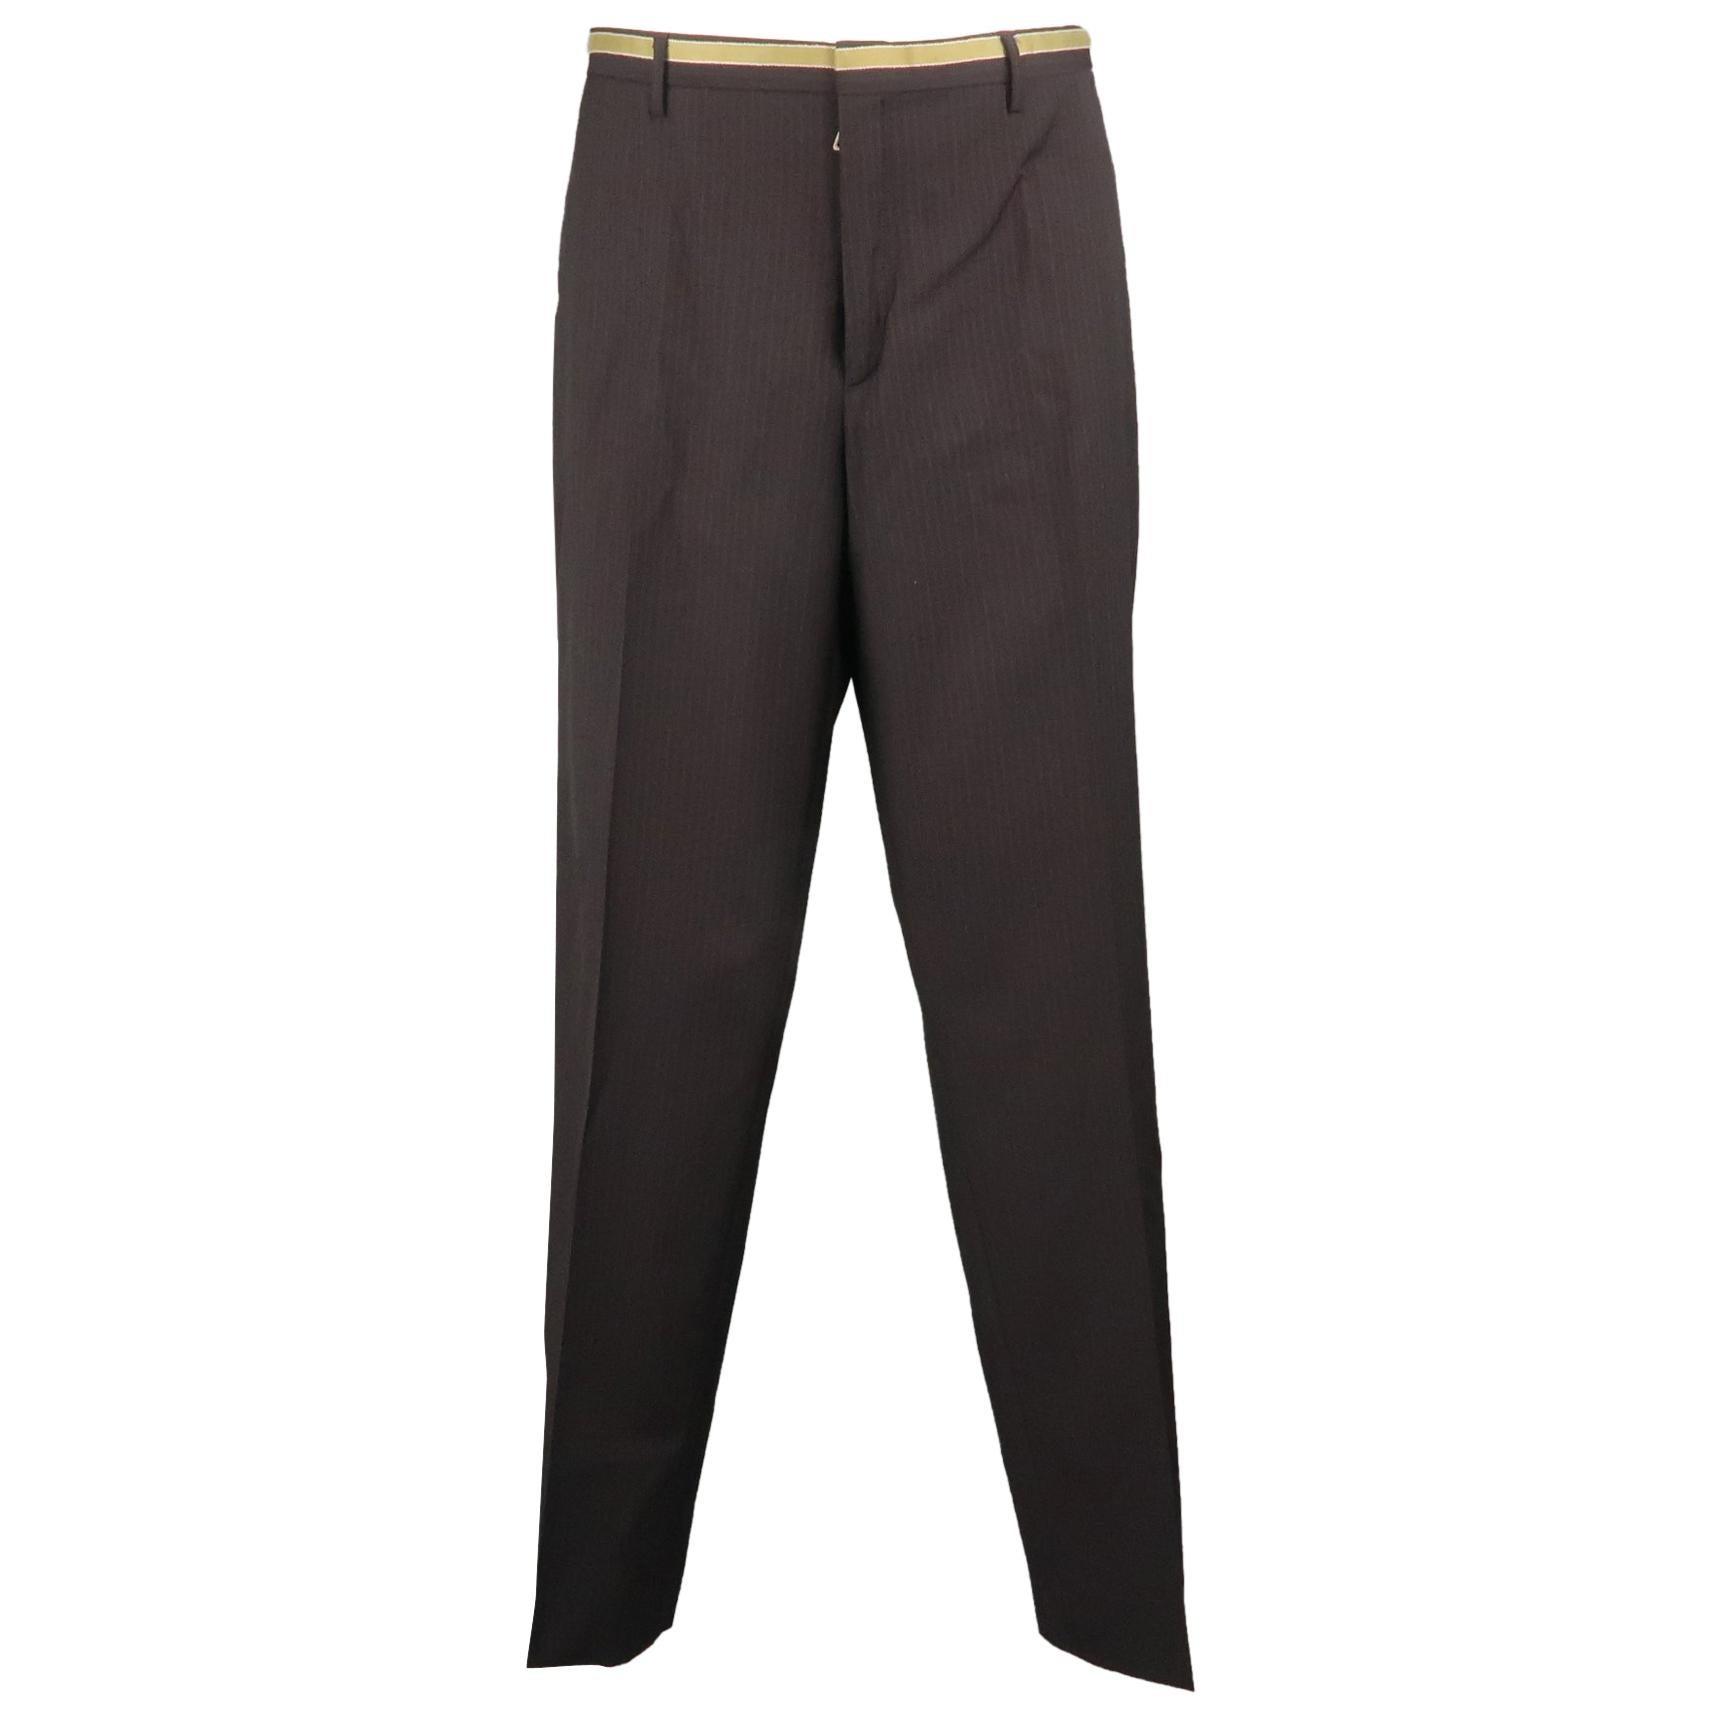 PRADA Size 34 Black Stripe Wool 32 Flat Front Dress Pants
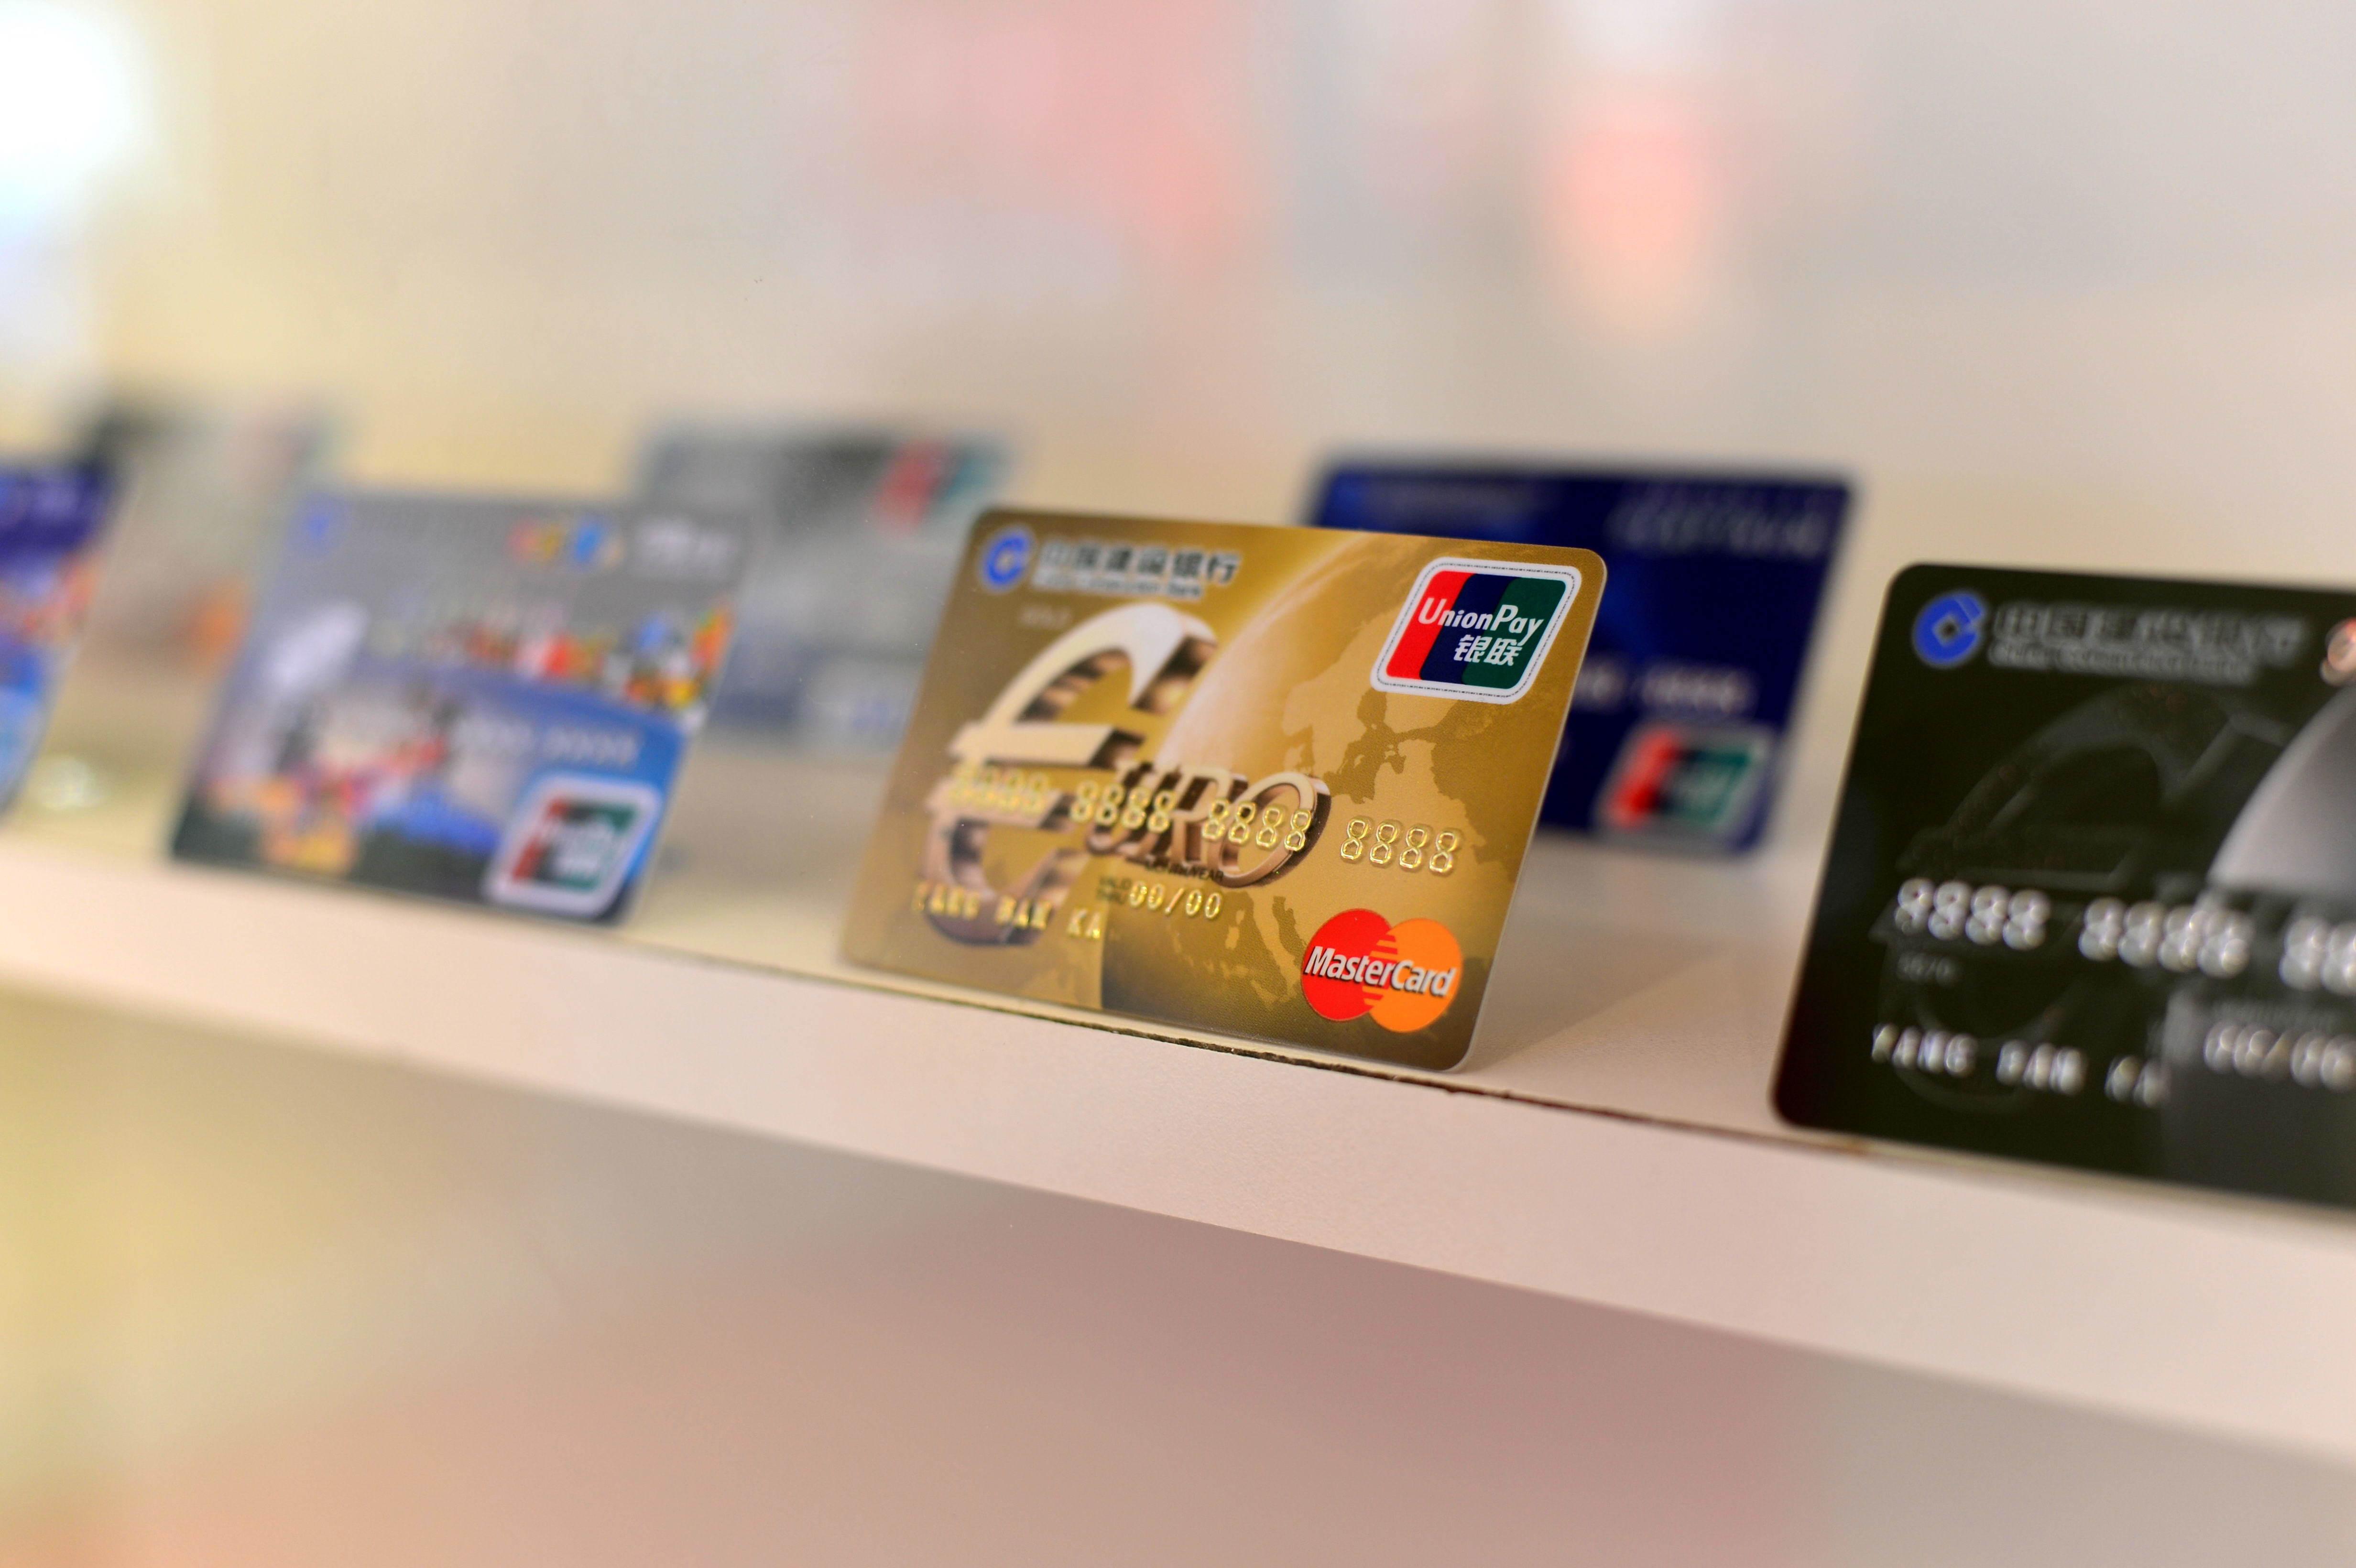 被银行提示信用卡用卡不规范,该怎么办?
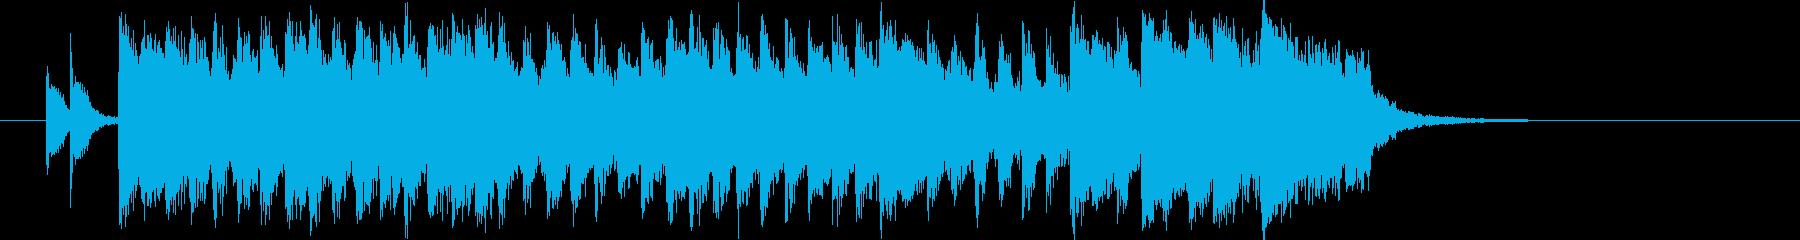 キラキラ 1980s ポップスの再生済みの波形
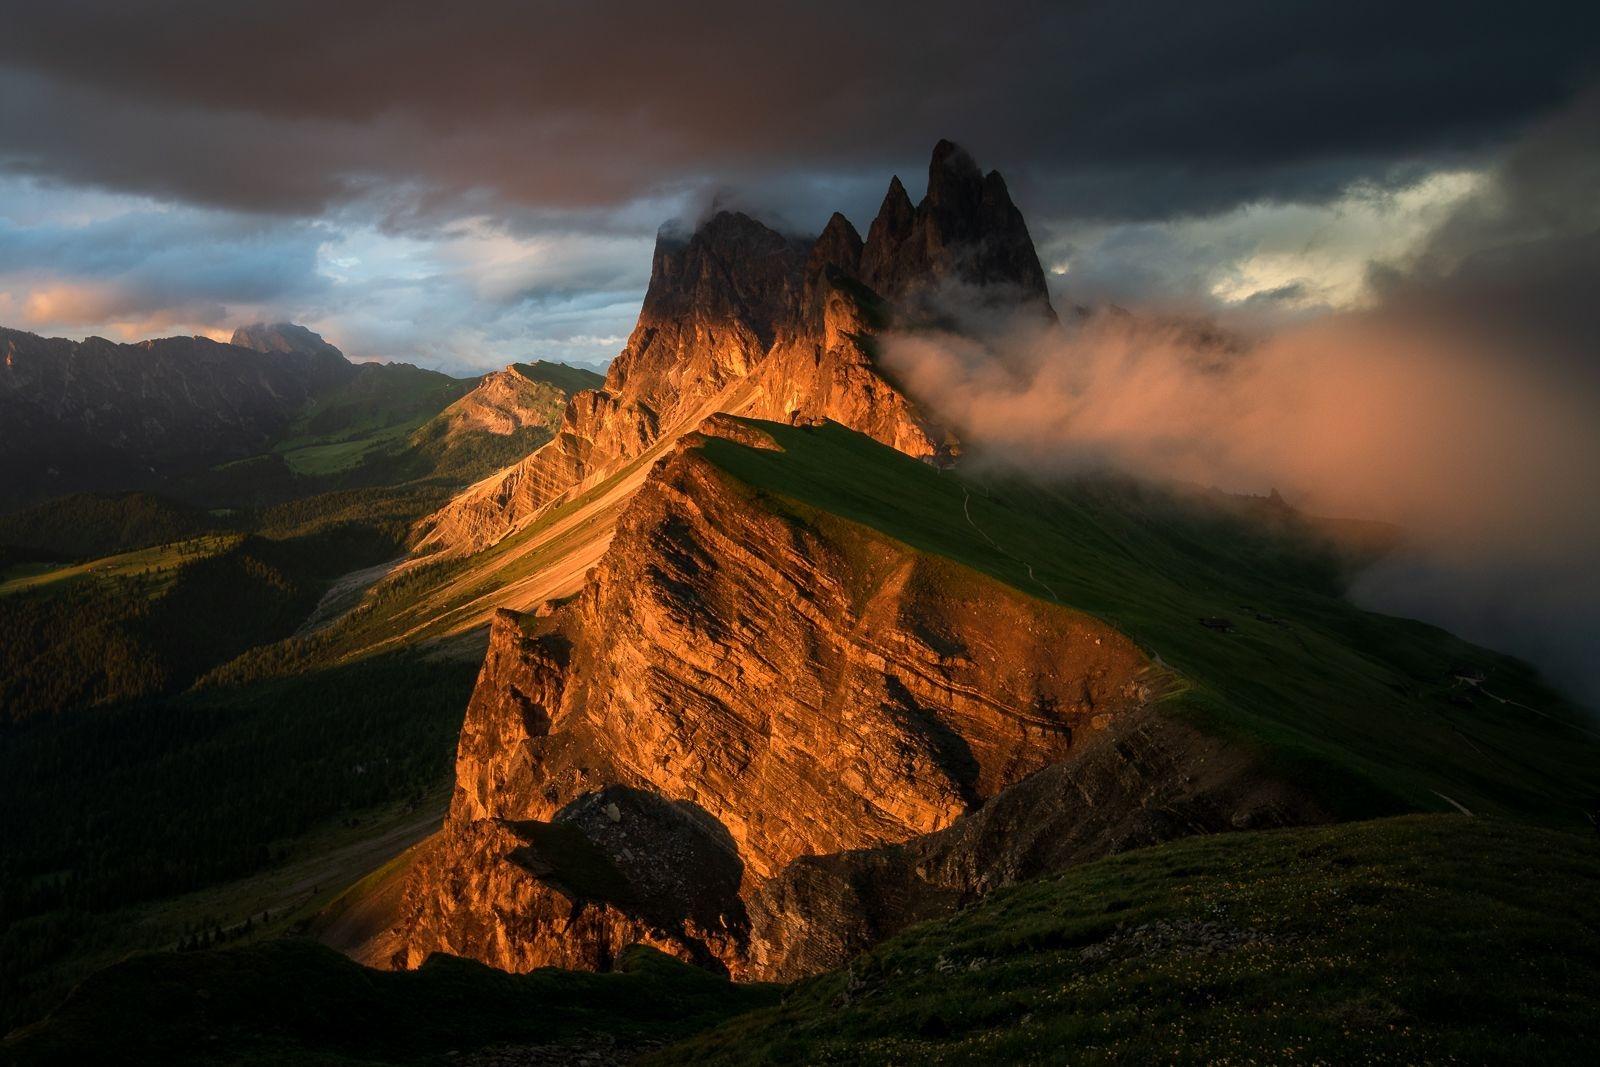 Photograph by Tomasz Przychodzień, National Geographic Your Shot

## Task details:
Set down the full listing above with its wording unchanged. Leave out its images.

## Expected answer:
 PRADA Size 34 Black Stripe Wool 32 Flat Front Dress Pants
 被银行提示信用卡用卡不规范,该怎么办?
 キラキラ 1980s ポップスの再生済みの波形
 Photograph by Tomasz Przychodzień, National Geographic Your Shot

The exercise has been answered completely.